Maybe a GICv5 can correct it..

> > Frankly, I think something whent wrong with the GICv4 design. A purely
> > virtualization focused GIC should not have continued to rely on the
> > hypervisor trapping of the MSI-X writes. The guest should have had a
> > real data value and a real physical ITS page.
> 
> ...I believe the remaining missing part is a UAPI for the VMM to ask the
> host kernel to configure a "physical" vLPI for a given device and EventID,
> at the point when its vITS emulation is handling the guest's configuration
> command.
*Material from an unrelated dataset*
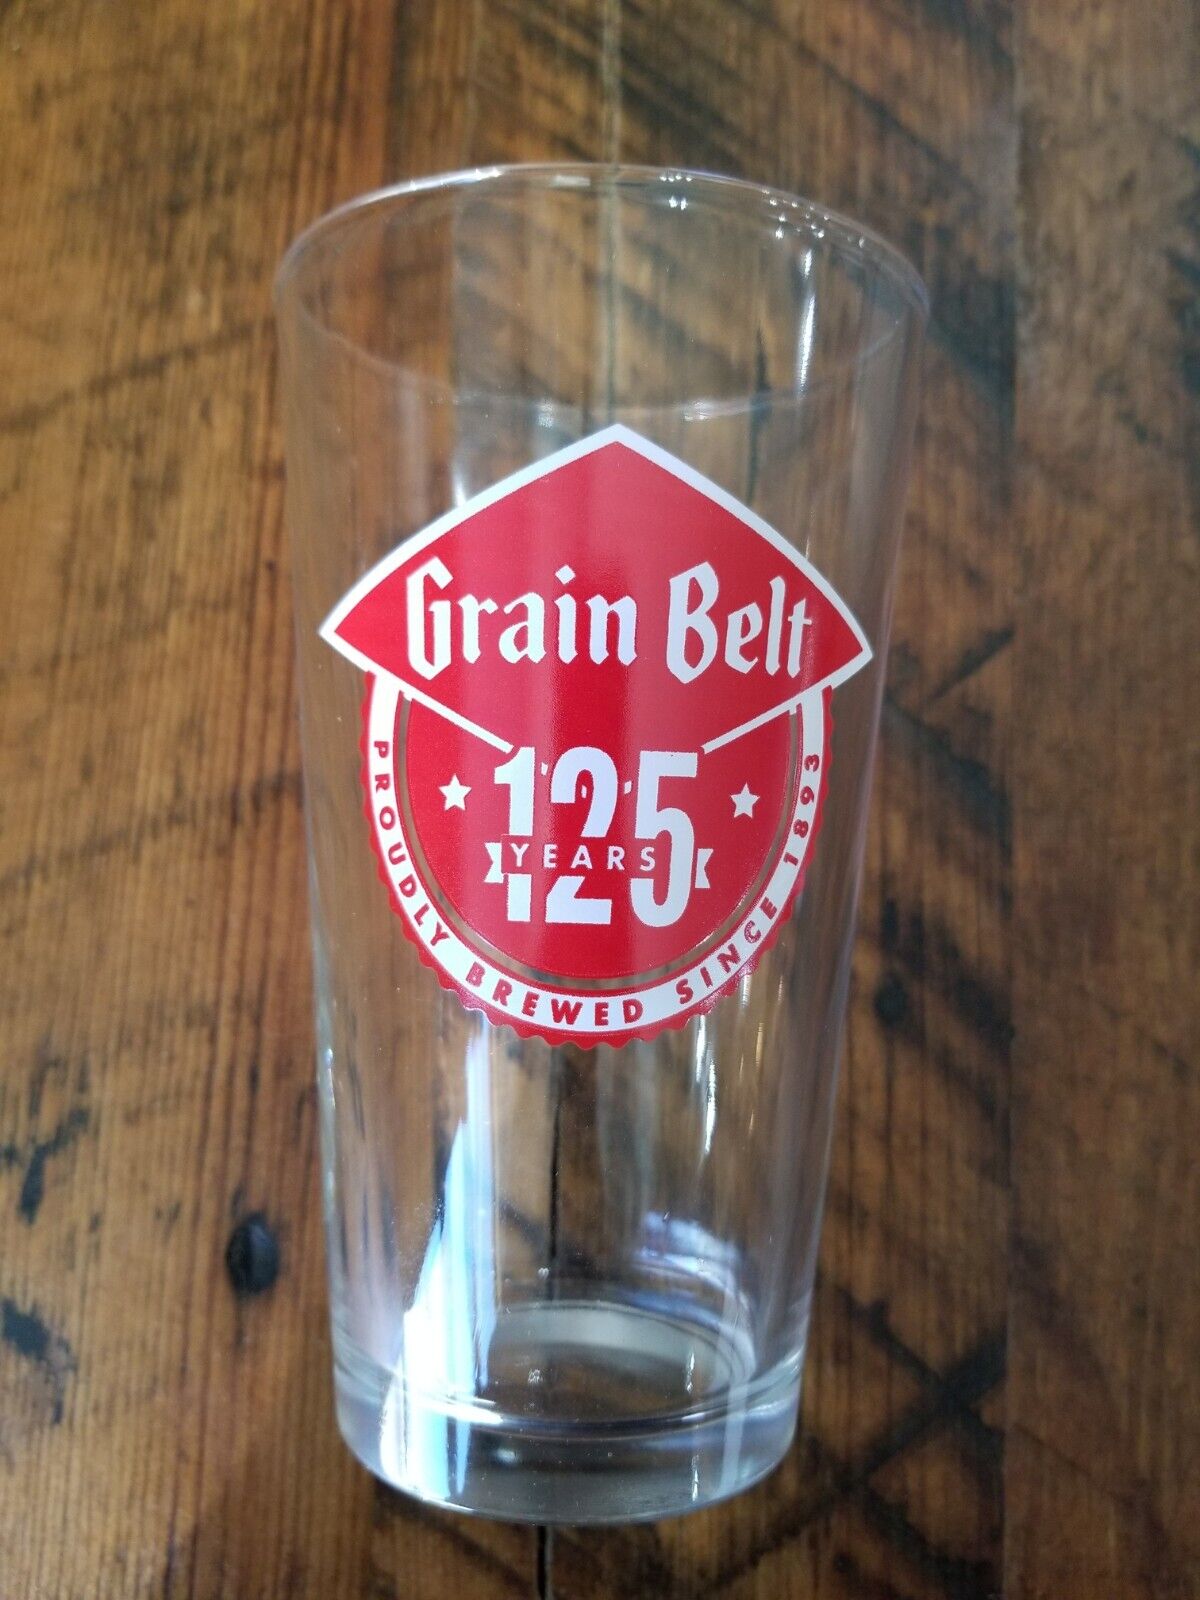 New Grain Belt Beer Glass 125th Anniversary / Home Barware / Pint glass Rare

With that we would no longer have to rewrite the MSI payload
> either, so can avoid trapping the device's MSI-X capability at all, and the
> VM could actually have non-terrible interrupt performance.

Yes.. More broadly I think we'd need to allow the vGIC code to
understand that it has complete control over a SID, and like we are
talking about for SMMU a vSID mapping as well.

This would have to replace the eventfd based hookup we have now.

I really want to avoid opening this can of worms because it is
basically iommufd all over again just irq focused :(

> Except GCC says __builtin_ctzl(0) is undefined, so although I'd concur that
> the chances of nasal demons at the point of invoking __ffs() are
> realistically quite low, I don't fancy arguing that with the static checker
> brigade. So by the time we've appeased them with additional checks,
> initialisations, etc., we'd have basically the same overhead as running 0
> iterations of another for loop (the overwhelmingly common case anyway), but
> in more lines of code, with a more convoluted flow. All of which leads me to
> conclude that "number of times we walk a usually-empty list in a one-off
> slow path" is not in fact the most worthwhile thing to optimise for ;)

Heh, well fair enough, we do have a UBSAN that might trip on this. Lu
can correct it

Jason